A total of 3018 patients with GNs and 3905 healthy controls (age and sex matched) were enrolled for analysis. After comparing the prevalence of CRNs between the two groups, CRNs were detected significantly more frequently in GN patients than in controls (OR = 1.69, 95%CI = 1.28 to 2.23, I2 = 85.12%, P = 0.00), especially in patients with GC (OR =1.80, 95%CI = 1.49 to 2.18, I2 = 25.55%, P < 0.1). Moreover, other risk factors including age (OR = 1.08, 95%CI = 1.00 to 1.17, I2 = 90.13%, P = 0.00) and male sex (OR = 2.31, 95%CI = 1.26 to 4.22, I2 = 87.35%, P = 0.00), were related to the prevalence of CRNs. For patients in the GN group, body mass index (BMI, OR = 0.88, 95%CI = 0.80 to 0.98, I2 = 0.00%, P = 0.92) and smoking (OR = 1.03, 95%CI = 1.01 to 1.05, I2 = 0.00%, P = 0.57) were protective and risk factors for CRNs, respectively.

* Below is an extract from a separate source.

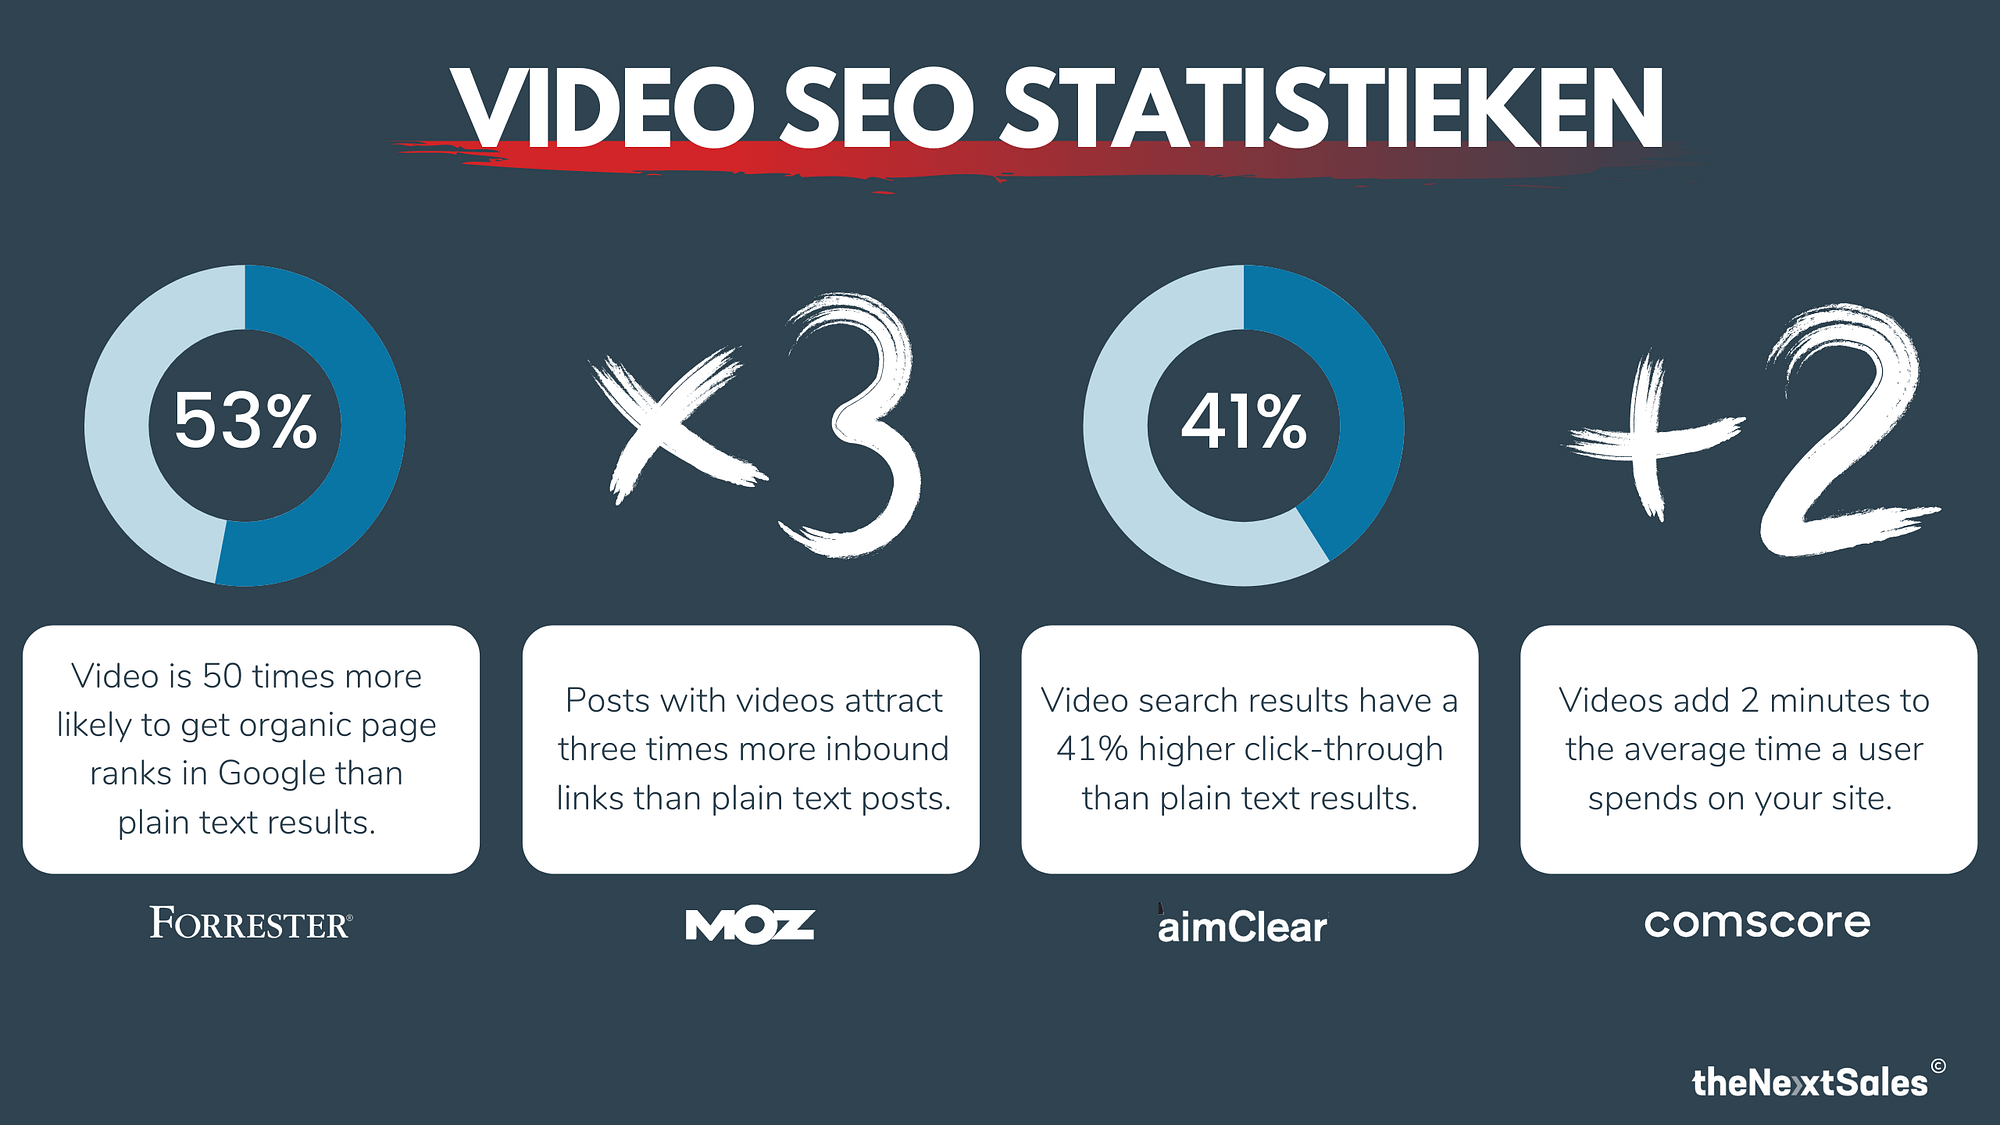 Video marketing stats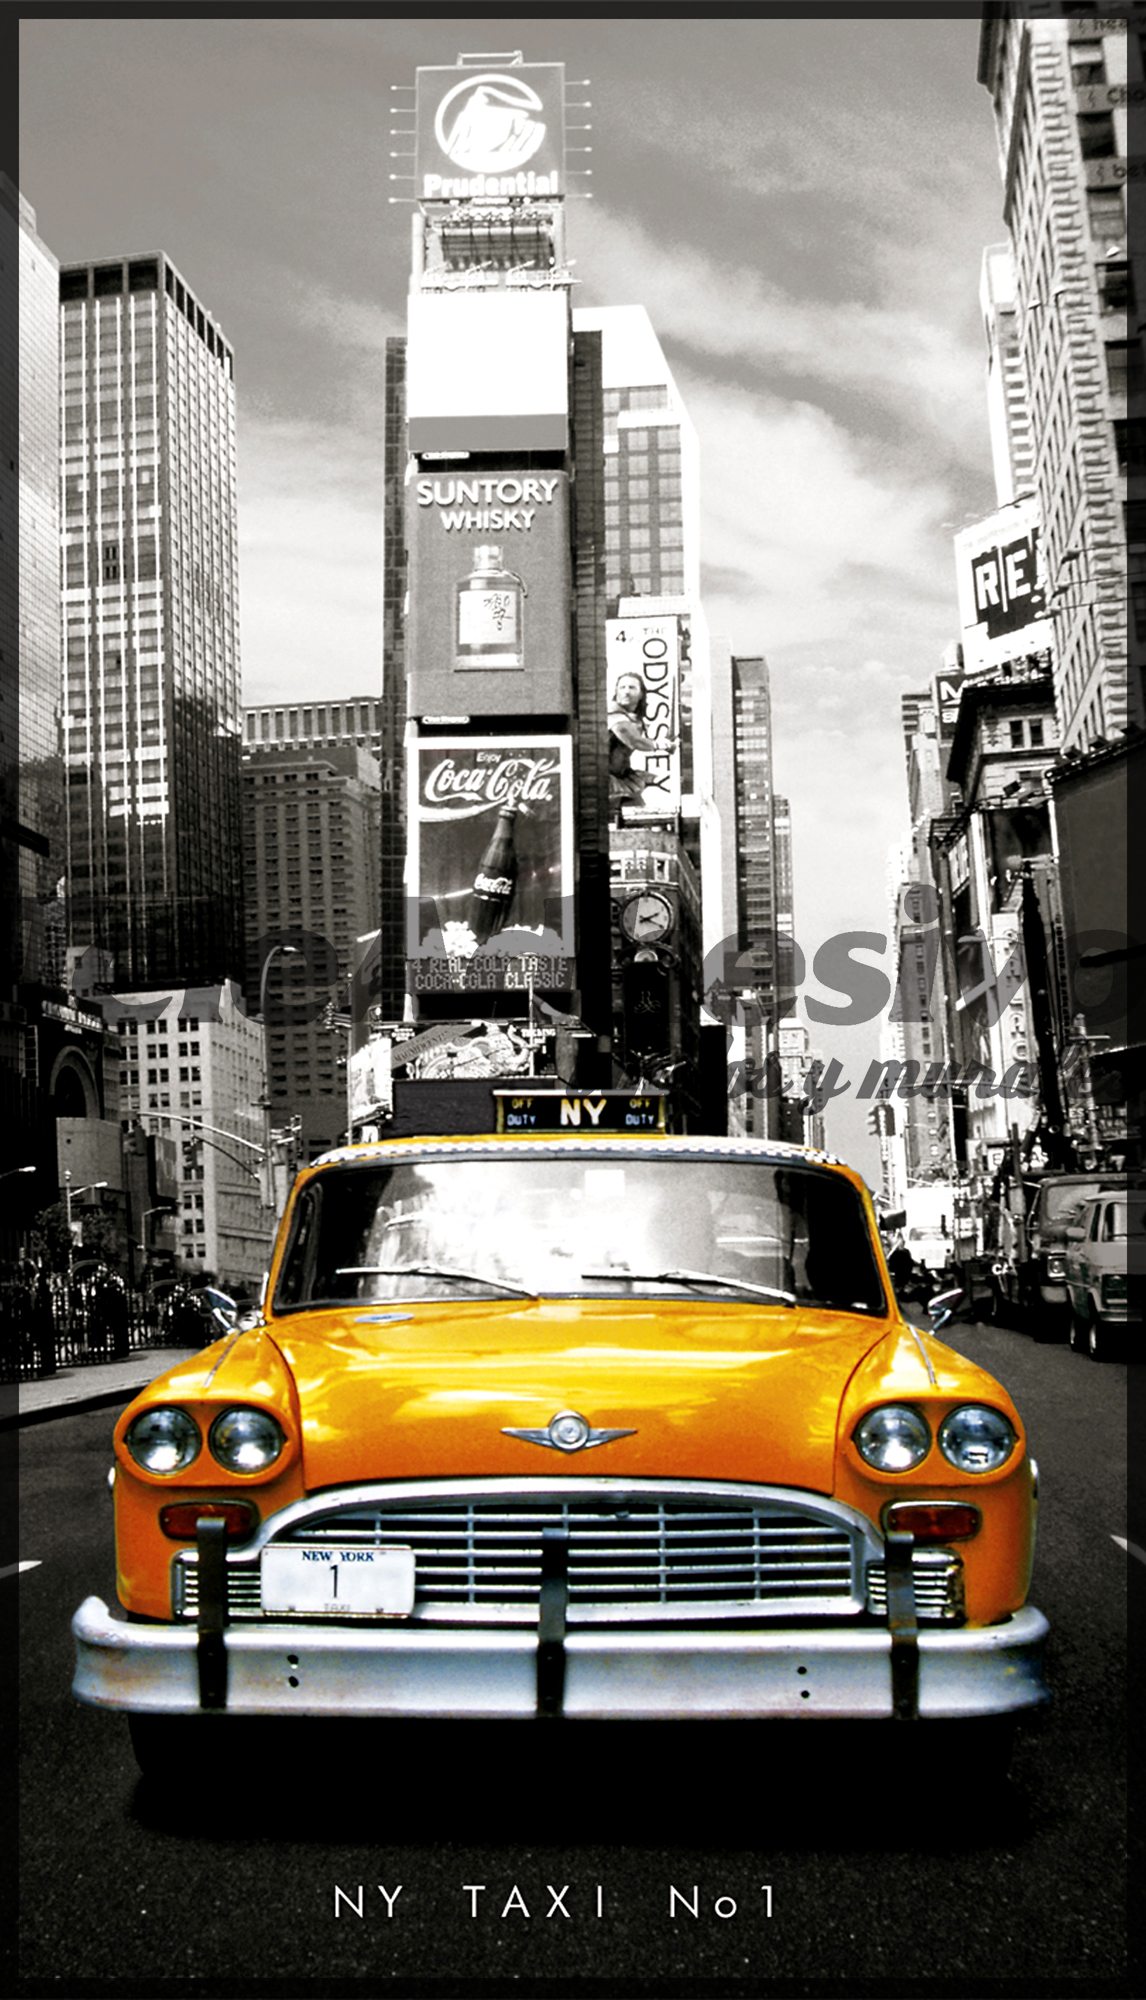 Poster xxl: New York taxi

Patients are recommended to undergo colonoscopy when diagnosed with GNs, especially GC patients with a low BMI and a history of smoking.
Core Tip: Gastric cancer (GC) is currently the fifth largest malignant tumor worldwide and the second largest cause of cancer-related deaths in the world. Synchronous and homologous neoplasms are common in gastric neoplasm (GN) patients, and the colorectal neoplasm (CRN) is the main neoplasm type. The prevalence of CRN in GN patients is a concern. Some studies reported that GN was not a risk factor for CRN. Therefore, the purpose of this pooling up analysis was to explore whether colonoscopy was needed for GN patients to detecting CRN. A total of ten case-control studies were included, involving 6923 patients. In conclusion, GN patients had higher risk of CRN, especially for GC patients. Therefore, colonoscopy was recommended when patients diagnosed with GN.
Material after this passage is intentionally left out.